Page 405: Jobs management style:
Finally Jobs declared, “Until you can prove to me that it will make business sense, I’m not going to do it.” That was actually his way of backing down. If you put aside emotion and dogma, it was easy to prove that it made business sense to allow Windows users to buy iPods. Experts were called in, sales scenarios developed, and everyone concluded this would bring more profits. “We developed a spreadsheet,” said Schiller. “Under all scenarios, there was no amount of cannibalisation of Mac sales that would outweigh the sales of iPods.” Jobs was sometimes willing to surrender, despite his reputation, but he never won any awards for gracious concession speeches. “Screw it,” he said at one meeting where they showed him the analysis. “I’m sick of listening to you assholes. Go do whatever the hell you want.”

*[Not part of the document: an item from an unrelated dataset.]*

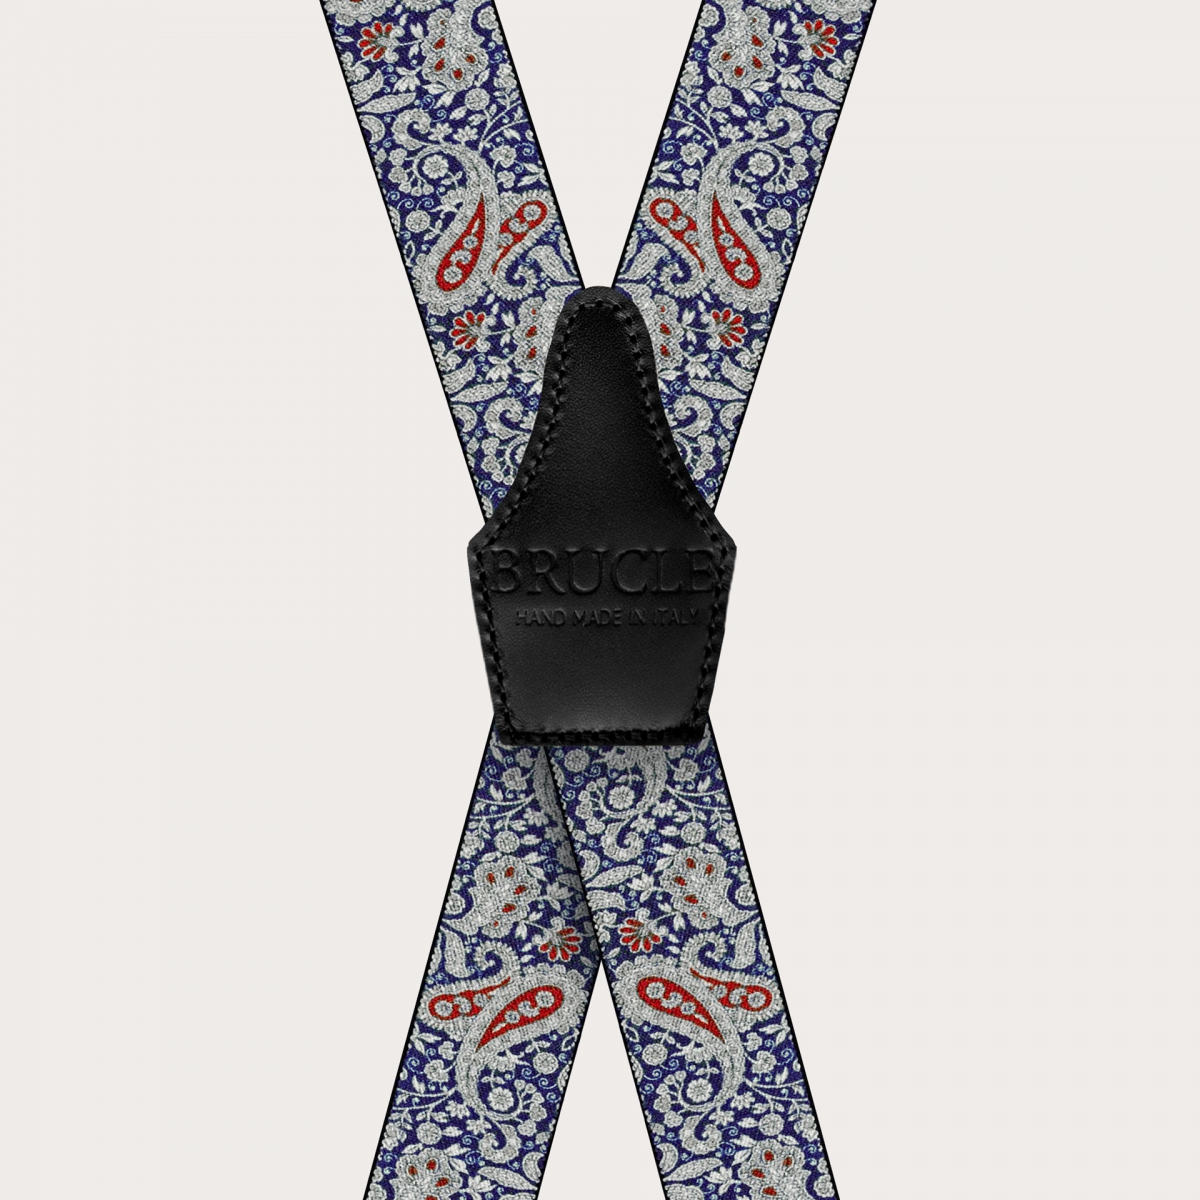 BRUCLE X-shaped suspenders with clips in blue and red cashmere pattern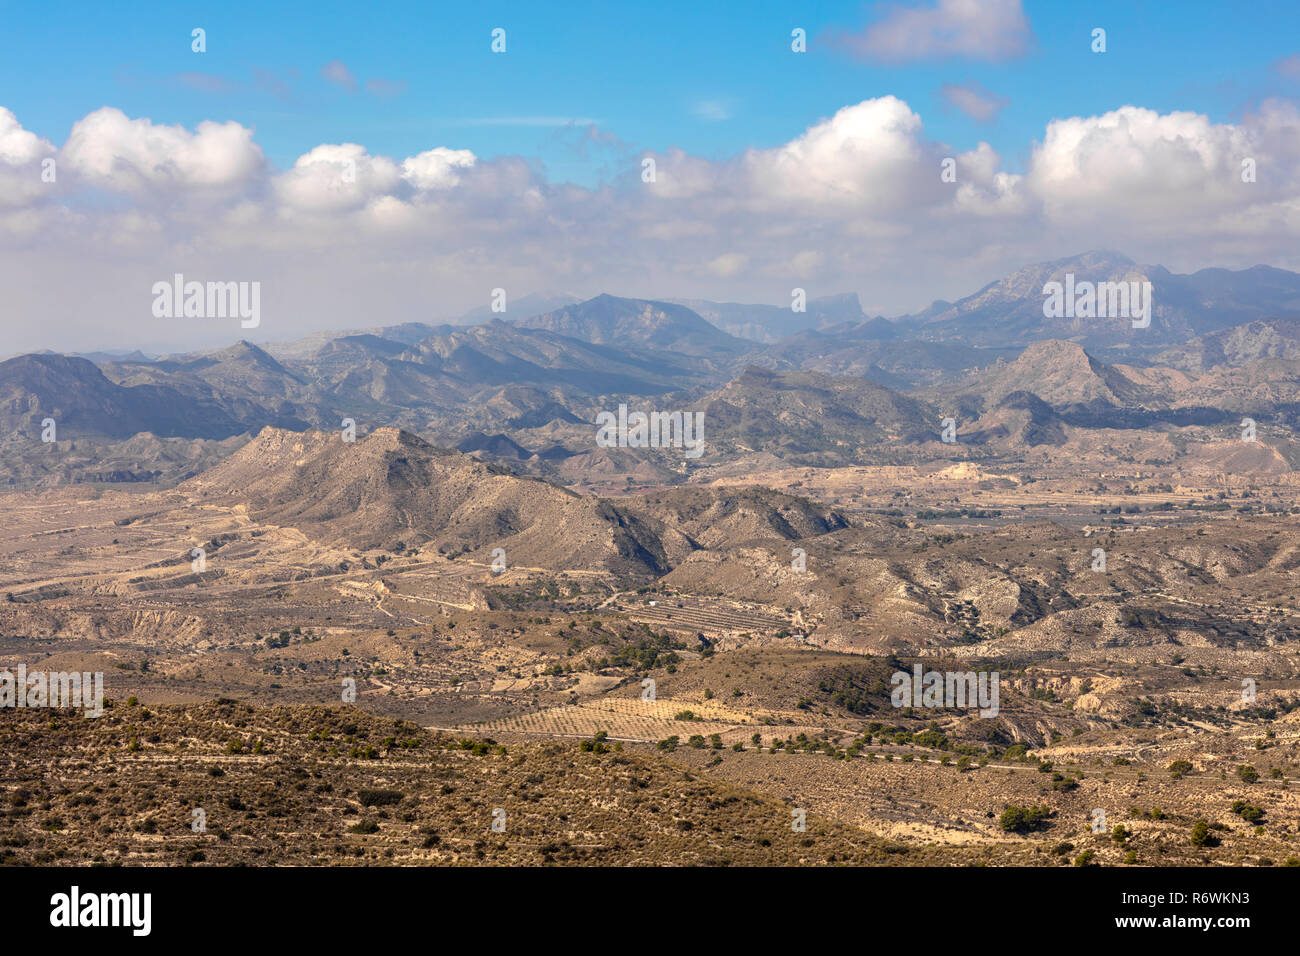 mountain landscape of alicante, mountains without vegetation and eroded under a blue sky Stock Photo

Page 471: Early relationship with Wendell Weeks, CEO of Corning Glass, manufacturer of the ‘Gorilla Glass’ used on the iPhone:
[Jobs] dialled the main switchboard number and asked to be put though to Weeks. He got an assistant, who offered to pass along the message. “No, I’m Steve Jobs,” he replied. “Put me through.” The assistant refused. Jobs called [his friend John Seeley] Brown and complained that he had been subjected to “typical East Coast bullshit.” When Weeks heard that, he called the main Apple switchboard and asked to speak to Jobs. He was told to put his request in writing and send it in by fax. When Jobs was told what happened, he took a liking to Weeks and invited him to Cupertino.
Page 508: Jobs and Rupert Murdoch:
Murdoch and Jobs hit it off well enough that Murdoch went to his Palo Alto house for dinner twice more during the next year. Jobs joked that he had to hide the dinner knives on such occasions, because he was afraid that he his liberal wife was going to eviscerate Murdoch when he walked in. For his part, Murdoch was reported to have uttered a great line about the organic vegan dishes typically served: “Eating dinner at Steve’s is a great experience, as long as you get out before the local restaurants close.”